Cerium-Biochar composite for the adsorptive and oxidative removal of Sunzol Black dye from aqueous solutions

Abstract

The toxicity of industrial dyes in water being a major concern due to their high levels of contamination is a pressing issue. We studied the potential of a mesoporous Cerium/Biochar (nZVCe/BC) Corn extract composite to remove Sunzol Black (SB) dye from water. Advanced physical techniques were used to characterize the composite and found that it had a very high crystallinity surface area. The morphology and structure of the newly synthesized composite were thoroughly studied through, Fourier–Transform Spectroscopy (FTIR), Scanning electron microscopy (SEM), Energy Dispersive X-Ray (EDX), and Brunner–Emmett-Teller (BET). The morphology of the newly synthesized nanocomposite (nZVCe/BC) appeared to be highly dispersed and uniform. To increase its removal efficiency, to investigate the catalytic potential of the composite with hydrogen peroxide (H2O2) and found that the ·OH radical generated by this process significantly enhanced the degradation of SB. The degradation of SB was hindered by the presence of hydroxyl radical scavengers. Using a combination of H2O2 and Ce/BC, the removal of SB increased from 65 to 85% after 90 min when [Ce]⁰, [SB], and [H2O2] were set to 0.5 g/L, 10, and 40 ppm, respectively. This was attributed to the hydroxyl radical, which has a high degree of reactivity. The synthesized Ce nanocomposite had a high surface area (16.82 m2/g) and achieved 63 % removal of SB dye within 85 min, when the starting concentrations of Ce and SB were 0.5 g/L and 10 parts-per-million (ppm), respectively.
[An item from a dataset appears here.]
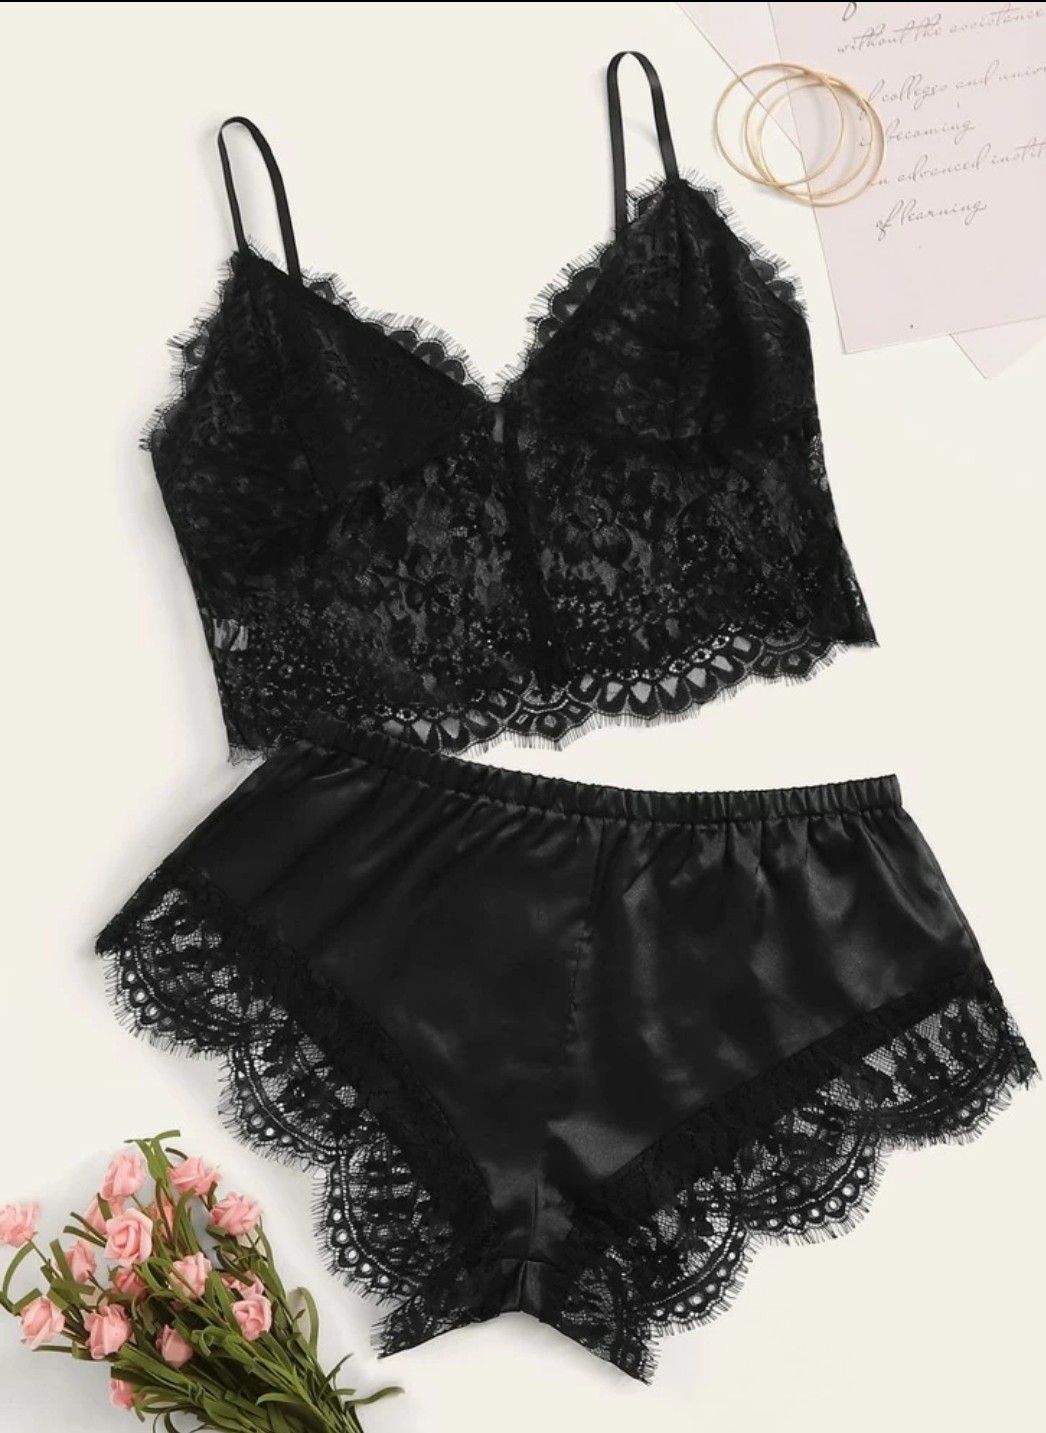 Eyelash floral lace lingerie set

The impact of the pH of an aqueous solution on the removal of SB through photocatalytic processes was studied. It was found that the degradation of SB was hindered at both highly alkaline and highly acidic pH levels. The results showed that almost 90% of the SB was removed. Additionally, the removal pattern of SB was determined and the nature of the degradation products was identified.